Eduardo Nantes Bolsonaro e o pai Jair Bolsonaro. República é transformada, através de condutas indevidas, na Monarquia Absolutista Despótica dos Bolsonaros.

O fascismo espanhol do cruel e sanguinário general Franco tinha como lema a frase “morte a inteligência” – e este parece ser o mote do fascismo brasileiro do odiento capitão Bolsonaro.

Um importante filósofo oitocentista, certa vez, declarou:

– A história se repete. A primeira vez como farsa e a segunda como tragédia.

Como por mágica, ou melhor, trágico pesadelo, personalidades medíocres e obtusas do cenário político nacional alcançaram o poder máximo na combalida república brasileira, no ano da desgraça de 2018, e assistimos se erigir, na atualidade, a monarquia despótica dos bolsonaros.

Uma grotesca figura que se destaca neste circo de horrores é o “garoto” Eduardo Bolsofilho, uma espécie de ministro “de fato” das relações internacionais desta república de bananas sem bananas – sim, faltarão bananas!

Eduardo Bolsonaro já se constitui como o ministro de relações internacional de fato. O ministro de direito tomará posse em janeiro de 2019 e se denomina Ernesto Araújo, medíocre diplomata de carreira, mentecapto e dementado, ridicularizado pelos colegas do Itamaraty como “ministro tarja preta”.

O “garoto” Eduardo tem se arvorado em falar e delibetar em nome do Estado Nacional Brasileiro, sobre questões de política internacional. Ele coloca em risco a paz mundial e ameaça a humanidade com o espectro da guerra.

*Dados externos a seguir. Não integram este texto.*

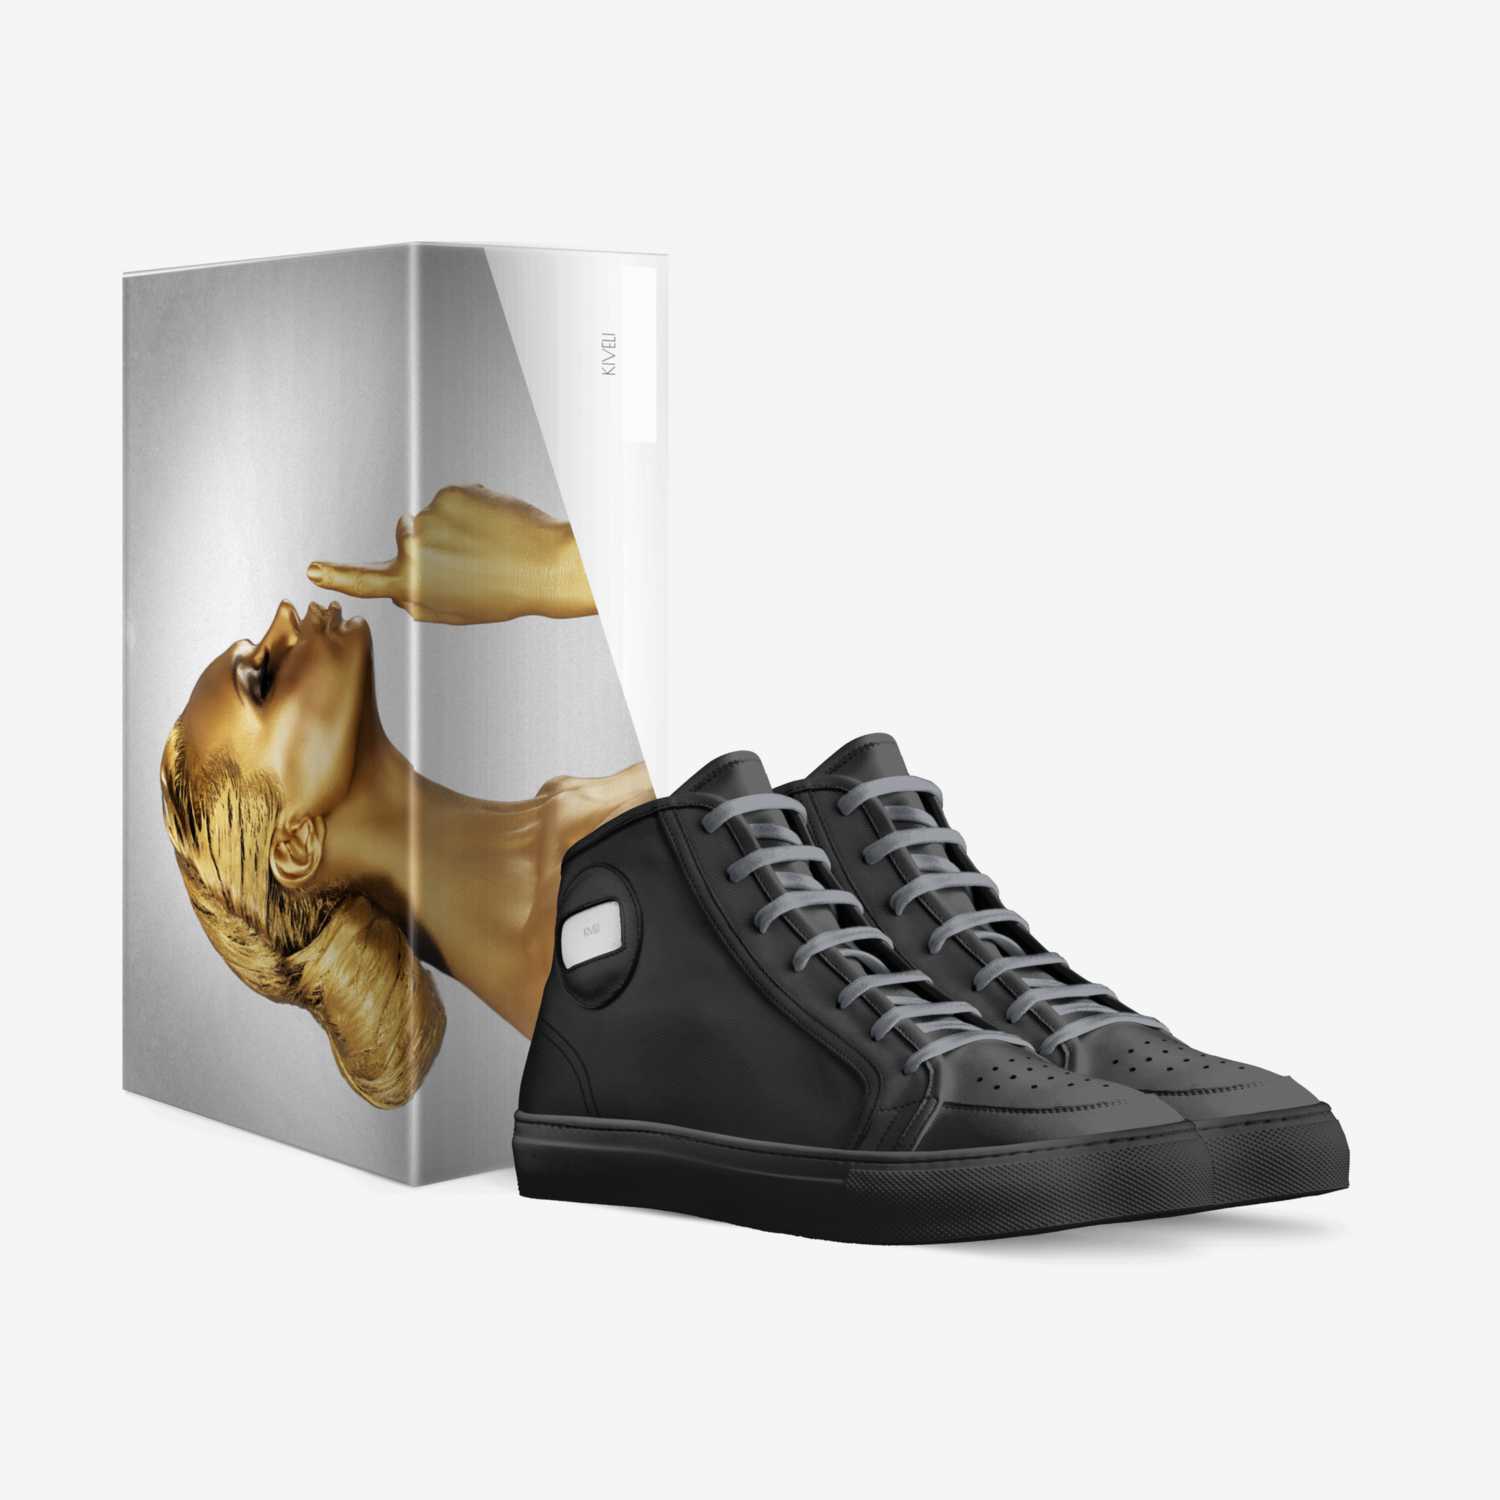 Kiveli custom made in Italy shoes by Olivia Ward | Box view

Quando ainda em campanha eleitoral, o “garoto” Eduardo vociferava a plenos pulmões nas manifestações de rua bolsonaristas, de homens brancos raivosos, declarando guerra a Venezuela.

Aqui faço um parêntesis para explicar o fascismo. No caso, o fascismo brasileiro de 2018.

Inimigos internos e externos do fascismo

O fascismo necessita criar, artificialmente, inimigos internos  e externos.

Os inimigos internos do fascismo brasileiro são os “petralhas” e “esquerdopatas”, que devem ser metralhados.

Assim, na atualidade toda forma de antipetismo alimenta o famigerado fascismo. Reforça suas delirantes teses.

Outro inimigo do fascismo é a corrupção. Corrupção perseguida duramente por políticos togados e que tem como mira a “roubalheira do PT”.

Porém, se a mesma nefasta corrupção, comprovada pela COAF, envolver o deputado Flávio Bolsofilho, a futura primeira dama ou vários ministros nomeados, o crime será logo perdoado pelo superministro Sérgio Moro.

O outro inimigo do fascismo tupiniquim é o “comunismo”. O fantasma da ameaça comunista que ronda os lares da classe média brasileira…

Não importa esclarecer que o comunismo acabou em 1989, com a queda do muro de Berlim e, logo após, a extinção da URSS. No mundo virtual e maligno das “correntes de watzap” o comunismo está ali, à espreita, faminto por “comer criancinhas”.

E o brasileiro médio, eleitor de Bolsonaro… coitado do compatriota… se tornou um ser idiotizado e bestializado.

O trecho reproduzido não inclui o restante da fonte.